If you are new to ManvDadhood, I want to start by saying welcome, and thank you for stopping by. I hope you will continue to stop by in the month of August while I post a collection of definitive posts that will truly give you a clear picture of who I am, and what I’ve come through in the short time I’ve been blogging.
One In a Million… Aaliyah
The other day while listening to a Pandora playlist, an Aaliyah song came on and it was extremely nostalgic to me. I told the Wife that it gave me a very vivid memory of sitting at my desk in my room in high school and reading a brand new comic book with just the lamp on my desk on and the radio playing in the back ground. For her, she said, it reminded her of when we hung out for a full Summer because it was soon after Aaliyah died and they were laying all her music on the radio.
This took us back to some very calm and simpler moments in our lives; one of which was a starting point to our relationship. For a few moments, we danced to the sounds of that song and the memories in our heads, and ignored the two kids running amuck around us. For a moment, we were college sweethearts again. I remember the kid I was in high school and through college, and I think of the guy I’ve become. I remember the hopeless romantic I was, and how much my wife would love to have experience that side of me, and I wonder what happened to that blindly idealistic youth.

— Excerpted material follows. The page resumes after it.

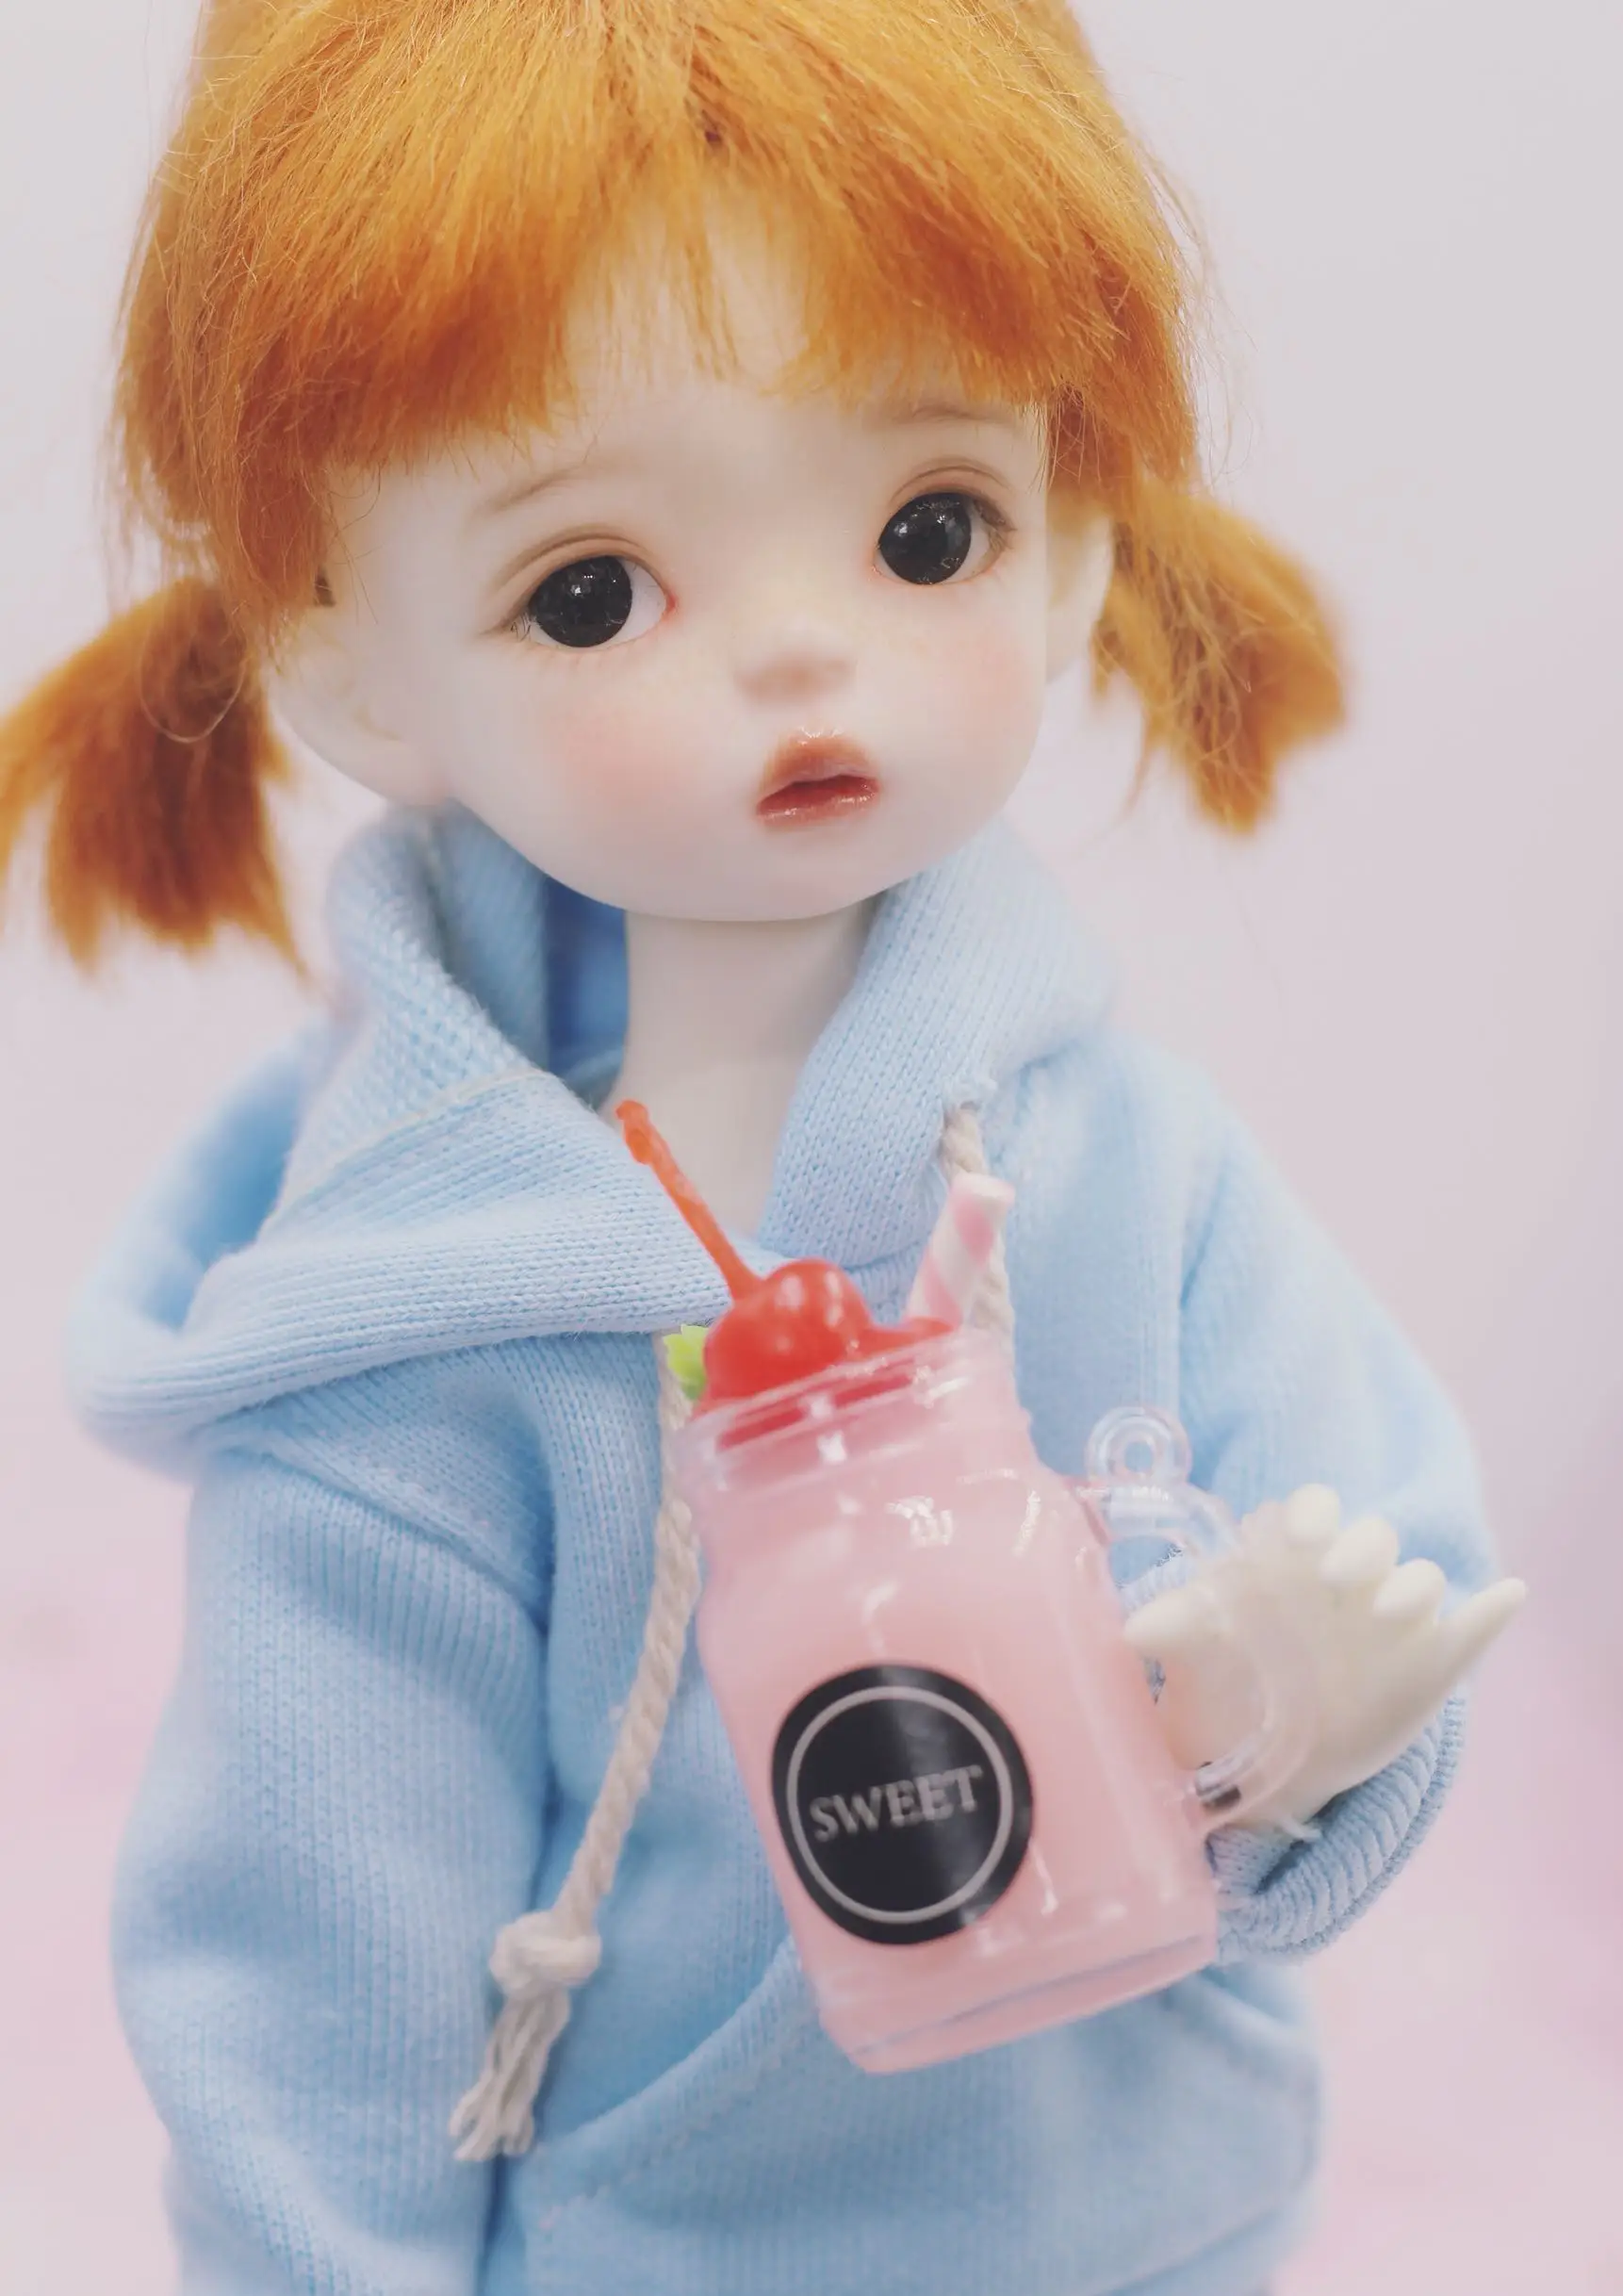 2 шт./лот 1:6 миниатюрный кукольный домик мини десерт розовый напиток для blyth 1/3 1/4 1/6 bjd кукольный домик Декор Аксессуары фото реквизит игрушки

Then, I remember the choices that killed that idealism, and how I buried the overly romantic in exchange for the persistent cynic.
Behind Every BIG Man…
Anyway, this wildly nostalgic song comes on, and we both remember our youth, and soon find ourselves acting like immature youths in love. I would like to say that it was the 10-pound lighter version of me I’ve been sporting, but even this baby-fat sporting version is still 30-pounds more than the version of me that was dancing in her head when that song came on. This post is not about losing weight, or external appearances, but the places our minds go when we think back to the uninhibited beginnings of our relationships.

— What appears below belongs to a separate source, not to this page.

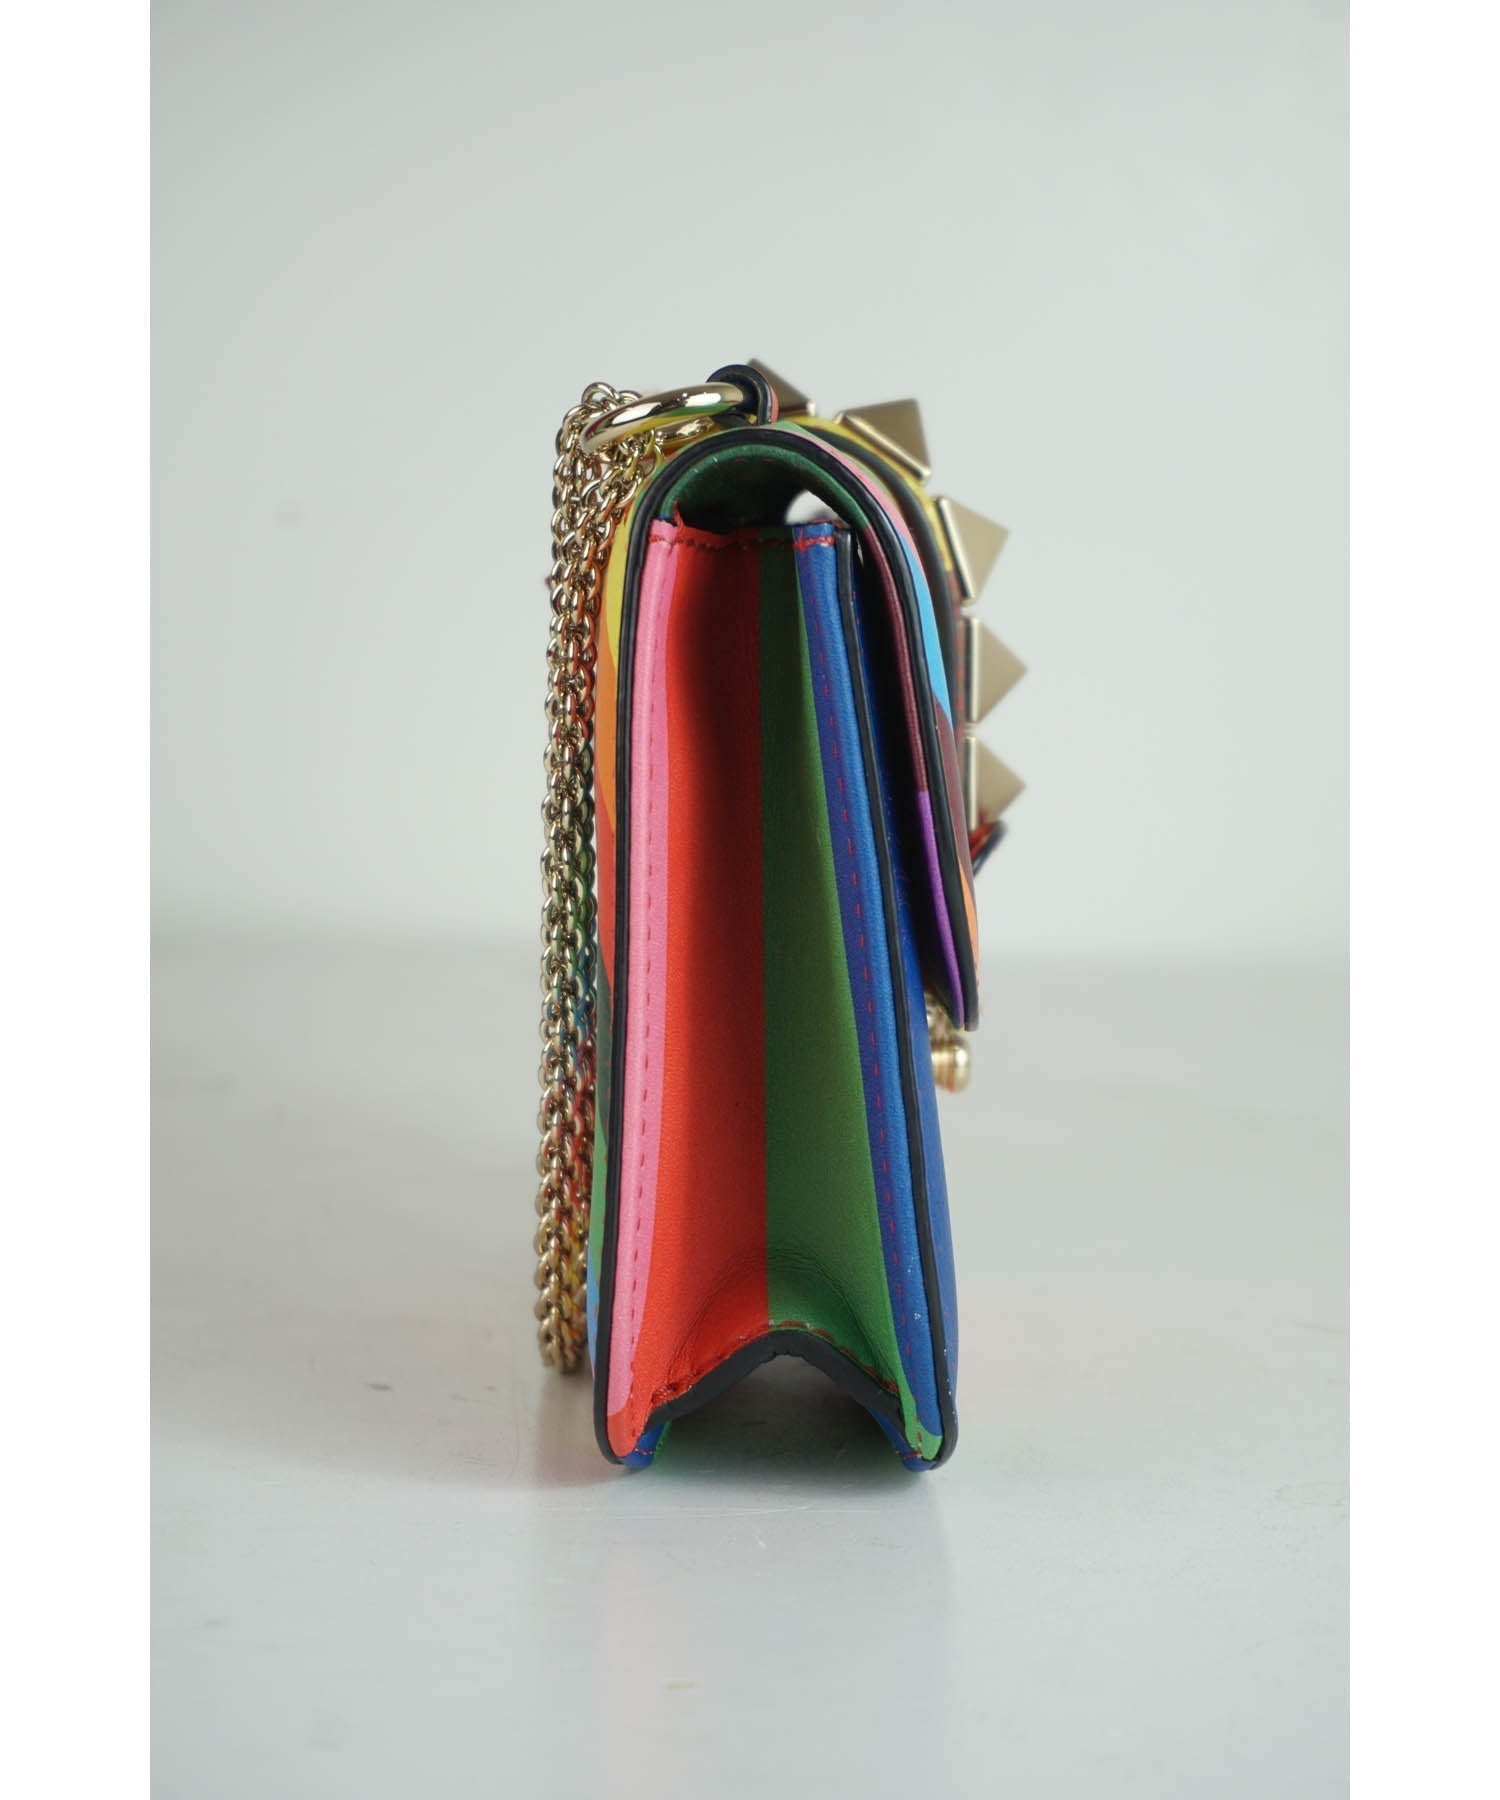 Valentino Rainbow Rockstud Glam Lock Bag 2015

I’ve heard this with old married people, and I’ve heard this from my wife; love me like in the beginning. I am going to post some pics on here, to let you know just how much a stagnant husband and dadhood effected me on the outside. What I didn’t know, is that it was effecting me internally. I knew I was not as attractive to my wife, and I knew that I was not healthy, but I had let go of those childish things of the past, and I had gained responsibilities and stress… not excess weight. I had become more to love, a big teddy bear. I had let the low expectations for my outward appearance effect the husband I as becoming, and the dad I could have been.
…Is a Kick-@ss Woman
I think it is fitting that the song that sparked this was “One In a Million” by Aaliyah, because that is how I feel about my wife. She loves me enough to kick me in my big butt when I need it, and still push me when I give her an attitude worthy of the Terrible Twos. Yes we have kids, and they can make it harder to be active, and they can make it harder to be romantic, but they are not an excuse. I am by no means fluent in romance, but if anything, I will do my best not to ruin a spontaneous romantic moment that we may stumble upon (but I still do with my smart mouth sometimes). I am not ripped, yet, but I’m getting myself healthier. The best things about me (for instance, my kids) are attributed to my wife. I NEED to figure out the right way to thank her, because flowers and chocolates just seem too cliche to be enough.
Where has your wife been a source of inspiration, encouragement, or butt-kickedness? How did you thank her for being that muse?